А Ликтор, выждав еще немного, продолжил свою речь:
– …И вот ты, значит, говоришь, что истина – Христос. Но ты лишь повторяешь Писание, ни на шаг не приближаясь к познанию. Глупо требовать от ликвидатора основательного знания теологии, ты уж не серчай. Да только ты идешь по стопам Фомы Кемпийского, призывавшего подражать Христу, тогда как для обычного смертного это заведомо бесполезное дело. И даже вредное, потому что вот он, такой подражатель: он постится, он истязает свою плоть, он денно и нощно молится, отгоняя от себя скверну; он проповедует, во всем себя ограничивает – и постепенно становится надменным, преисполняясь гордыней, которая есть тяжкий грех. Христос – не от мира сего, и к Нему не приблизиться, не будь на то Его воли. Ведь Он не только человек, но и Бог – единственный среди людей.

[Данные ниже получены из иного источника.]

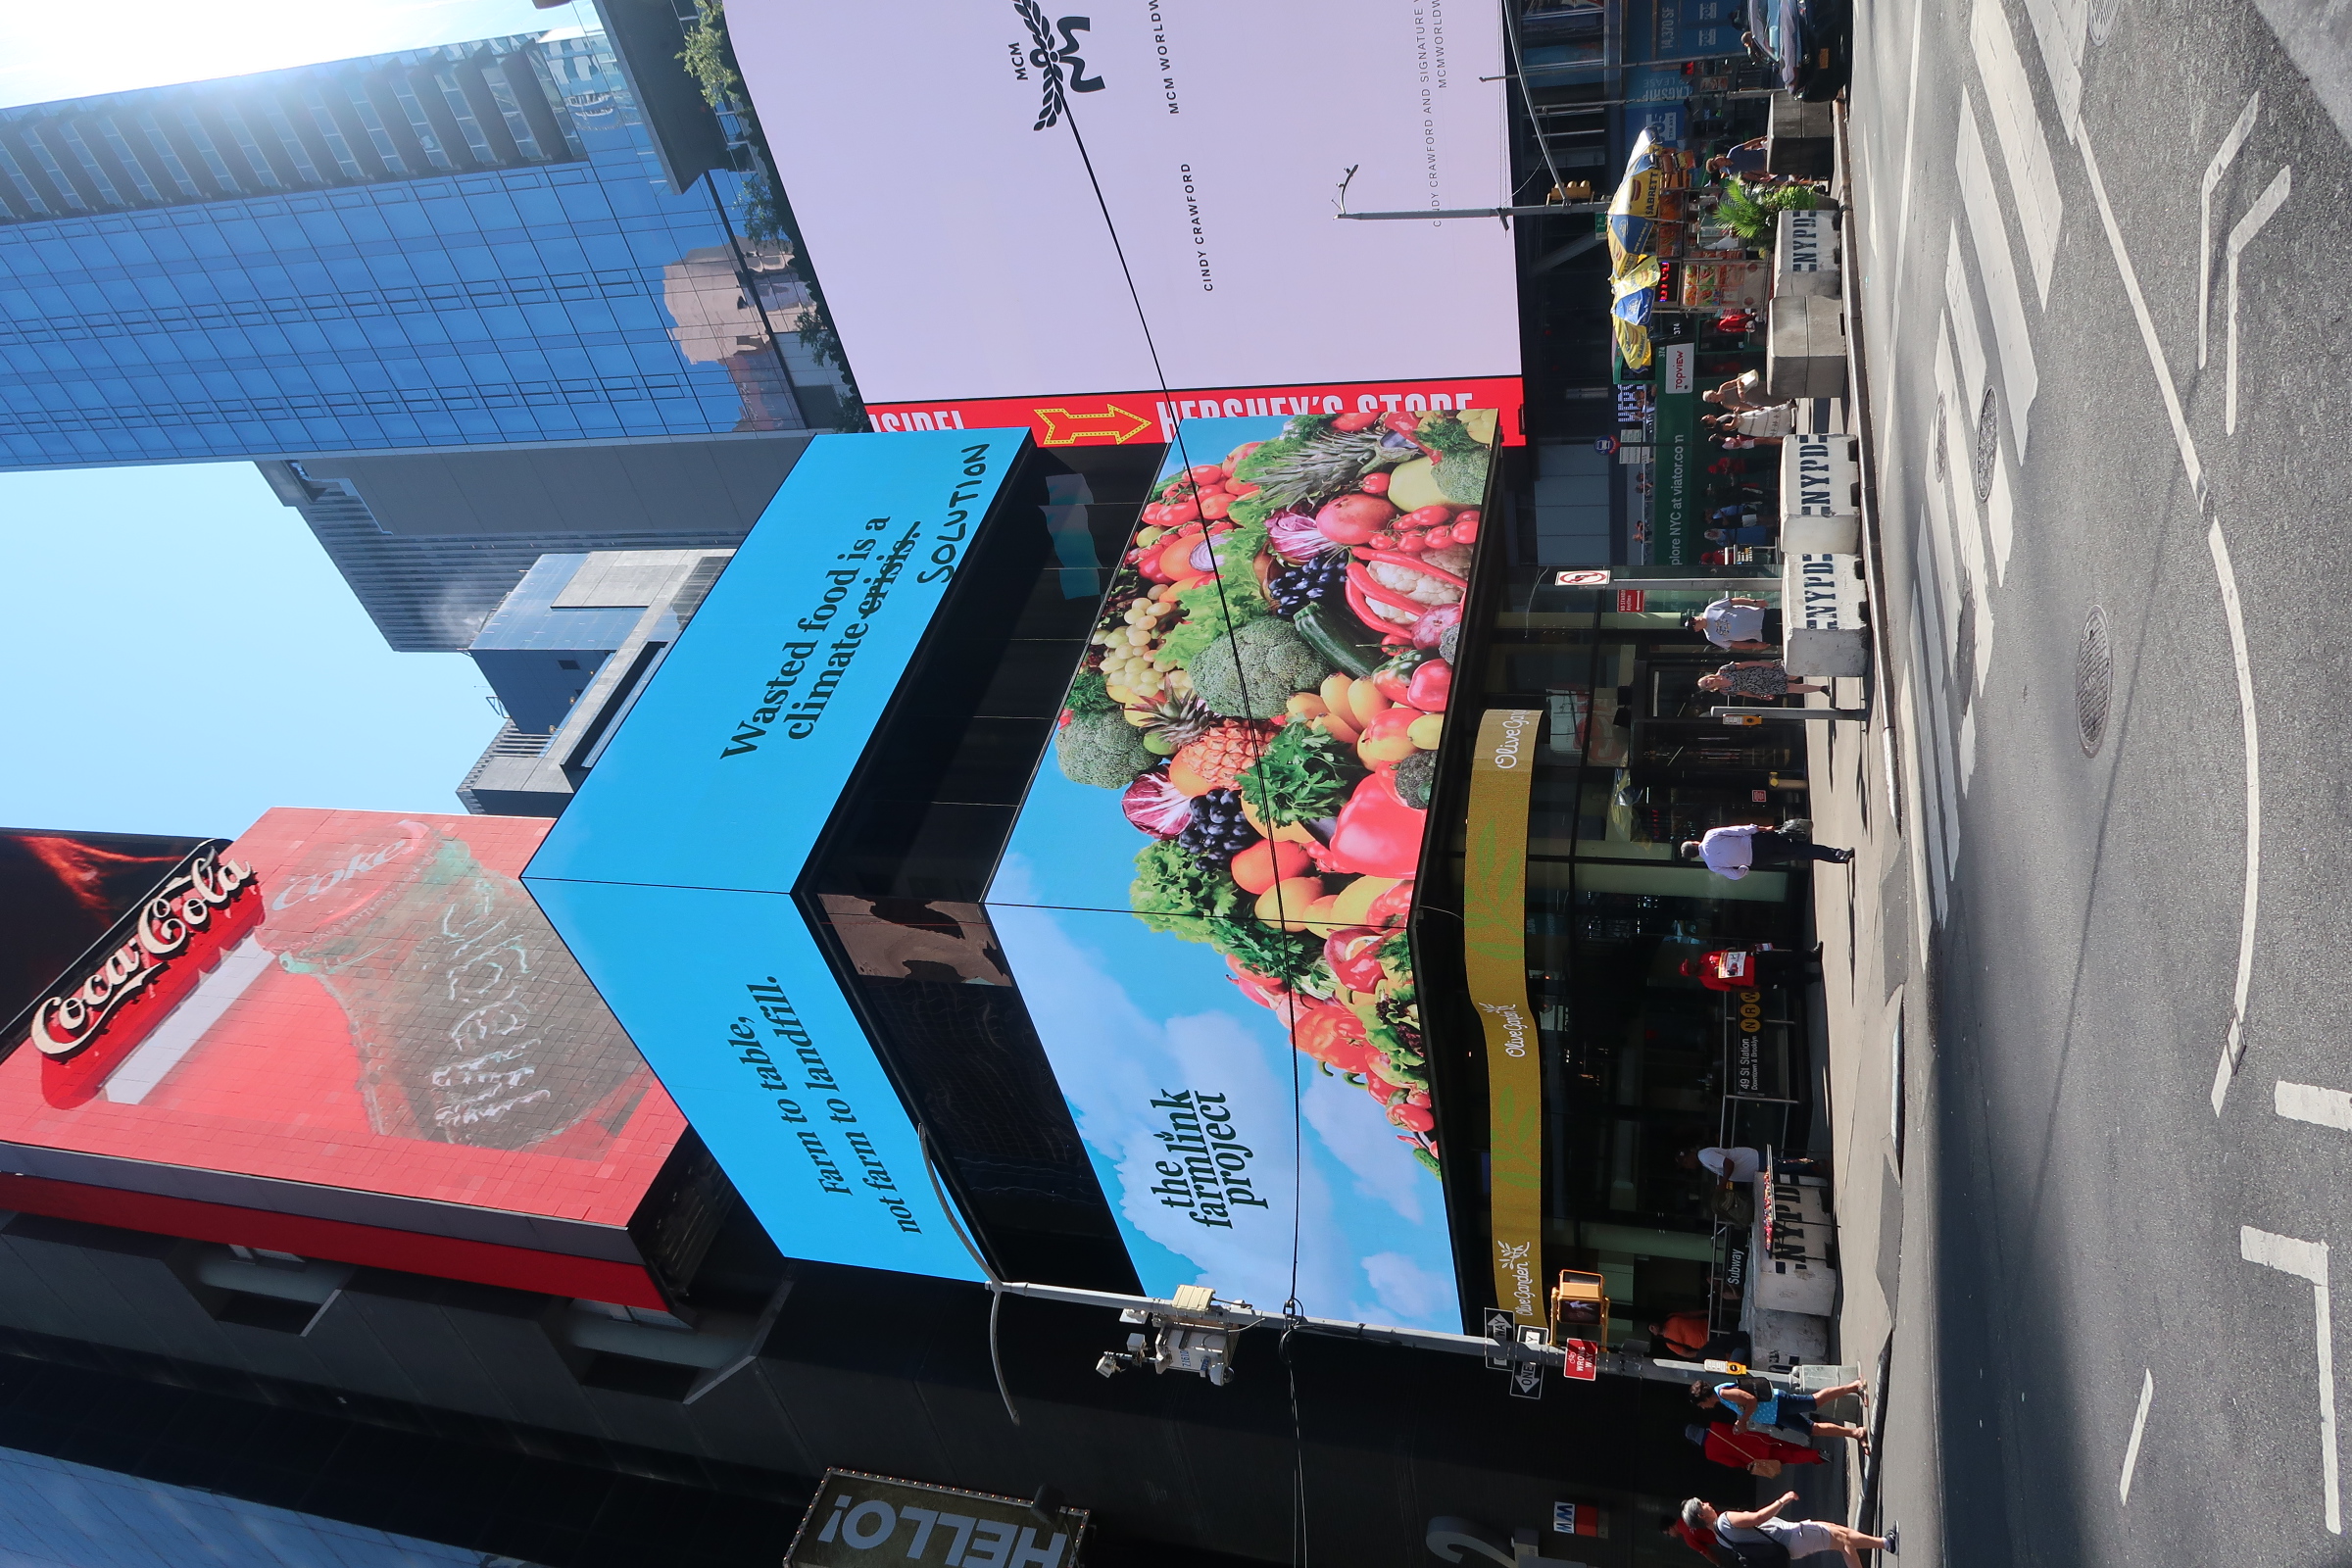 During New York City Climate Week the Farmlink Project got up a gigantic billboard in the middle of Times Square
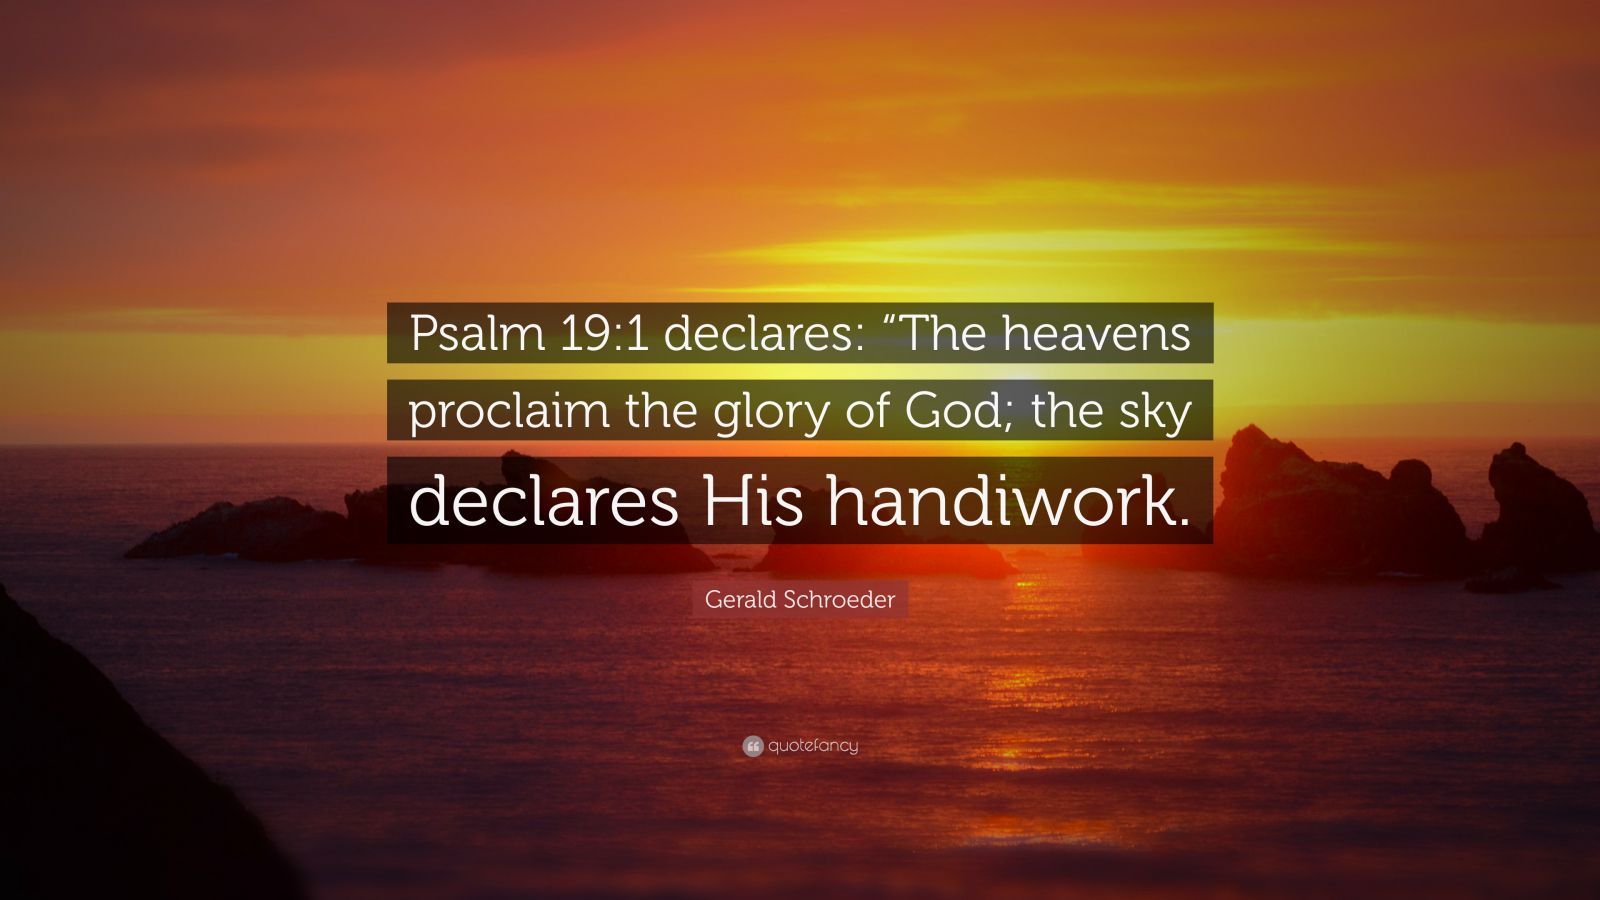 The heavens declare the glory of God Psalm 19 1080p

Протодьякон крякнул от негодования:
– По-твоему выходит, что подражание высокому – греховно? Да, мы бесконечно удалены от Господа, но человек, которого ты описал, всего лишь исполняет заповеди, божественные предписания. В чем же его грех? Ты призываешь пренебречь законом? Христос сказал, что пришел не нарушить закон, но исполнить его…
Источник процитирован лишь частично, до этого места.